Sharply lower natural gas prices in 2012 from 2011, used under required 12-month average price tests, resulted in significant negative revisions for many domestic gas- and liquids-weighted producers, rendering some current projects uneconomic and pushing a boat load of proved undeveloped reserves (PUD) out of the five-year development window, according to an analysis by Fitch Ratings.
The Securities and Exchange Commission (SEC) requires domestic exploration and production (E&P) companies to use the 12-month test, which was about $2.76/Mcf in 2012 versus $4.12 in 2011. The commission also mandates that PUDs be developed within five years or be deleted from an operator’s reserves numbers.
Fitch analyst Mark C. Sadeghian led a team to explore the full-cycle costs for a sample of domestic explorers to determine what actually happened last year after the mandated revisions were stripped away.
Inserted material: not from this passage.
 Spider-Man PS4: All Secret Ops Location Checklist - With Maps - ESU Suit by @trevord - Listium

Full-cycle costs include the cash costs/boe, which include lease operating expenses, production taxes, transportation expense, general/administrative/interest expenses to produce, and the three-year all-source finding and development (F&D) costs/boe.
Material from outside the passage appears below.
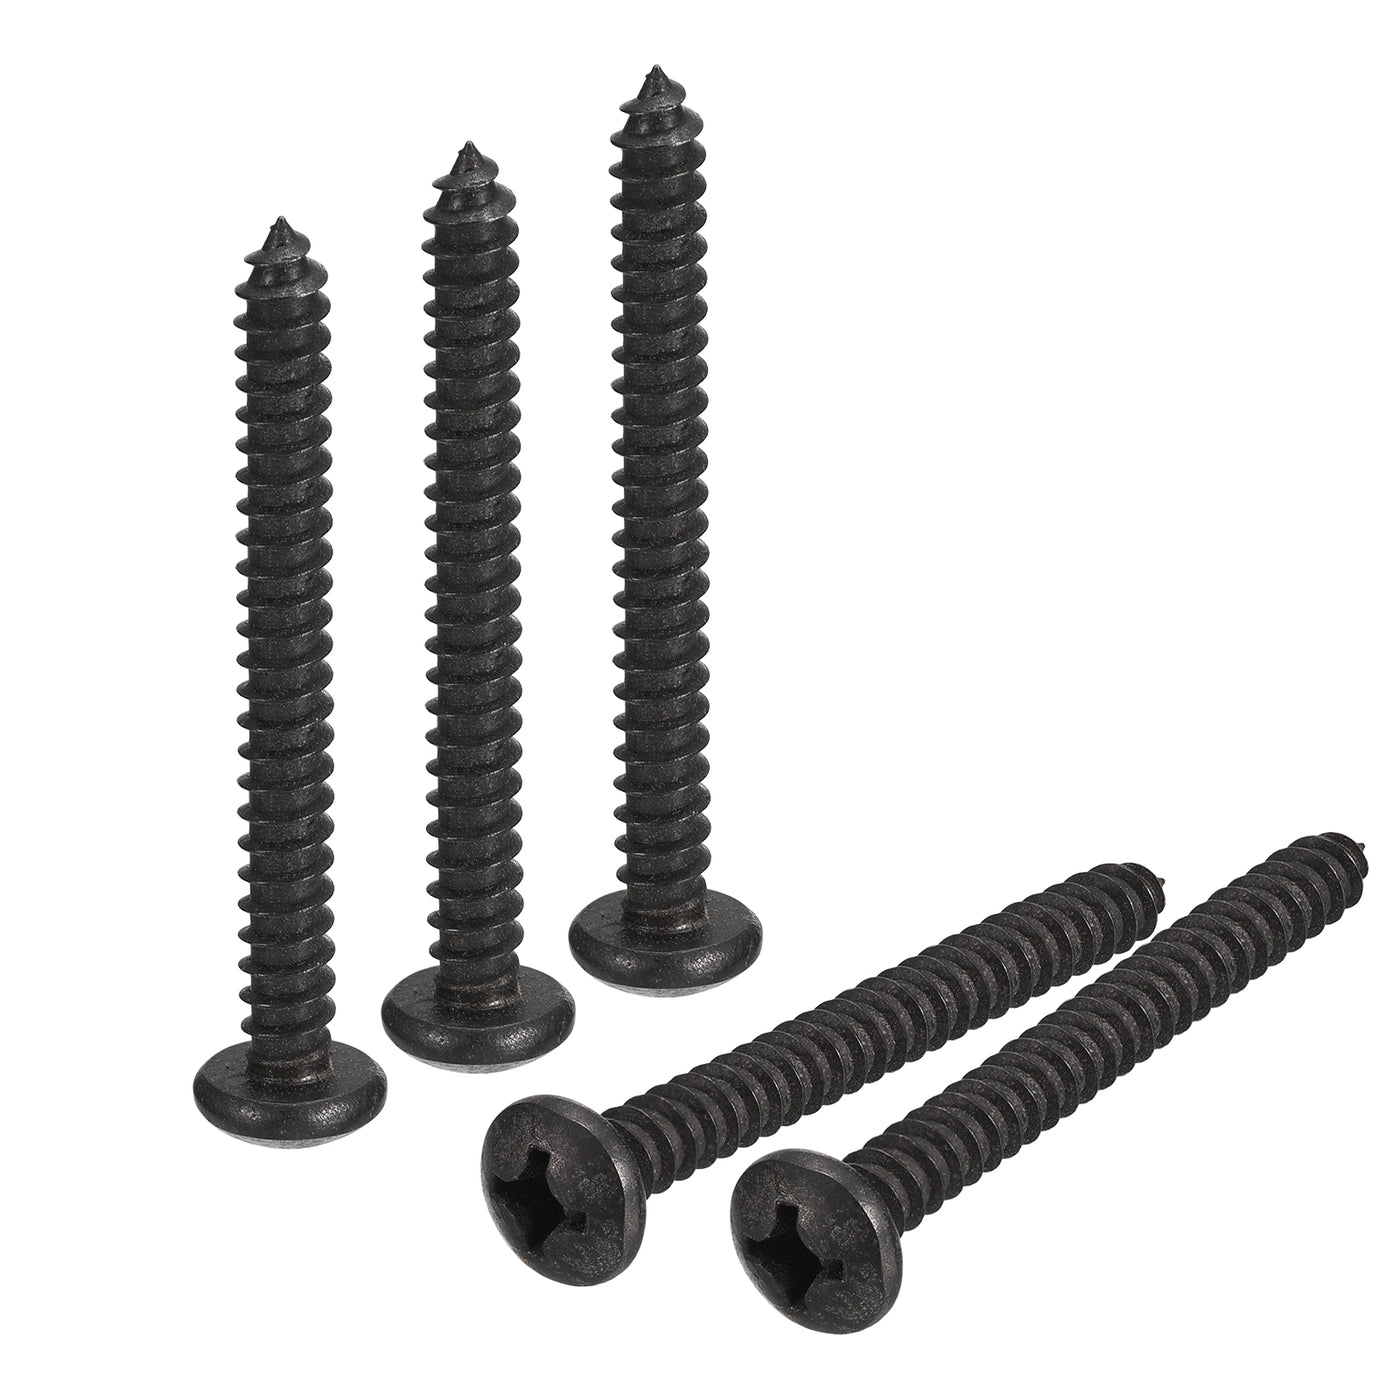 uxcell Uxcell 1/4 x 2" Phillips Pan Head Self-tapping Screw, 25pcs - 304 Stainless Steel Round Head Wood Screw Full Thread (Black)

Analysts reviewed E&P full-cycle costs between 2007 through 2012, and zeroed in on how 2012 played out versus 2011 to see what has happened since SEC’s price mandates were enacted in 2010 (see NGI, Jan. 25, 2010). The 2012 revisions numbers were higher than in 2011, but a review of the full-cycle costs were “critical” because “adjustments for prices tell a different story,” Sadeghian said.
The U.S. producers sampled were more than 60% weighted to either natural gas or liquids. Fitch also sampled “balanced” operators with an even mix of production.
Seventeen of the operators sampled reported negative gas-based price revisions in 2012. Among the most prominent were Chesapeake Energy Corp., 5.41 Tcfe on prices and reserve reductions in the Barnett and Haynesville shales; Southwestern Energy Co., 2.09 Tcfe on lower prices and a 2.12 Tcf reduction in Fayetteville Shale reserves; Quicksilver Resources Inc., 1.2 Tcfe from Barnett revisions; Devon Energy Corp., 930 Bcf, with 100 million boe linked to the Barnett and 25 million boe to the Rocky Mountains; Linn Energy LLC, 803 Bcfe in price revisions; and Newfield Exploration Corp., 615 Bcfe mostly on revisions in the Arkoma Woodford Shale.
Operational metrics evaluate the “long-run credit quality,” and the “full-cycle costs are among the most important of these metrics, as they indicate a company’s position relative to its peers and serve as a broader proxy for changes in marginal costs in the industry,” said Sadeghian. Companies with “significant” gas-linked price revisions also included Forest Oil Corp., Apache Corp., Occidental Petroleum Corp., Pioneer Natural Gas Co. and SandRidge Energy Inc.
After stripping out the negative gas-based price revisions, the rise in full-cycle costs was “blunted” across the samples, Sadeghian said. “Unsurprisingly, the largest difference between unadjusted and adjusted full-cycle prices in 2012 occurred for gas-weighted companies (minus $5.34/boe difference) followed by balanced-portfolio (minus $2.23/boe) and liquids-heavy companies (minus 69 cents/boe).”
On an adjusted basis, the full-cycle costs in 2012 were moderately higher, according to Fitch. Median costs for the group increased by 7.5% year/year to $44.91/boe from $41.76. By group, gas-weighted producers had the smallest increase, up 1.3% to $31.44/boe in 2012 from $31.00, while liquid-weighted names climbed 3.3% to $44.91 from $43.47. The largest increase in costs was among balanced-portfolio companies, whose median rose by 11.3%, to $51.59/boe in 2012 from $46.34.
Determining the impact of infrastructure spending and other long-term spending on full-cycle costs is “harder to gauge,” said Sadeghian. “Ramped-up investments in less-developed shale plays and long-lead time projects can increase F&D and full-cycle costs because of lags between project investment and ultimate reserve bookings. The uptick in such investments across the sample appears to have inflated 2012 full-cycle costs, even after stripping out gas price effects.
“This is supported by the fact median F&D saw the largest price increase of any cost component in the full-cycle calculation, despite strong efficiency gains in drilling and services, particularly in onshore shale plays.”
Fitch’s analysis made no adjustments for factors that also may have affected the 2012 full-cycle costs, including one-off impacts from asset sales or land acquisitions, adjustments for the changing production mix to liquids from dry gas development, or for longer-term changes in drilling programs.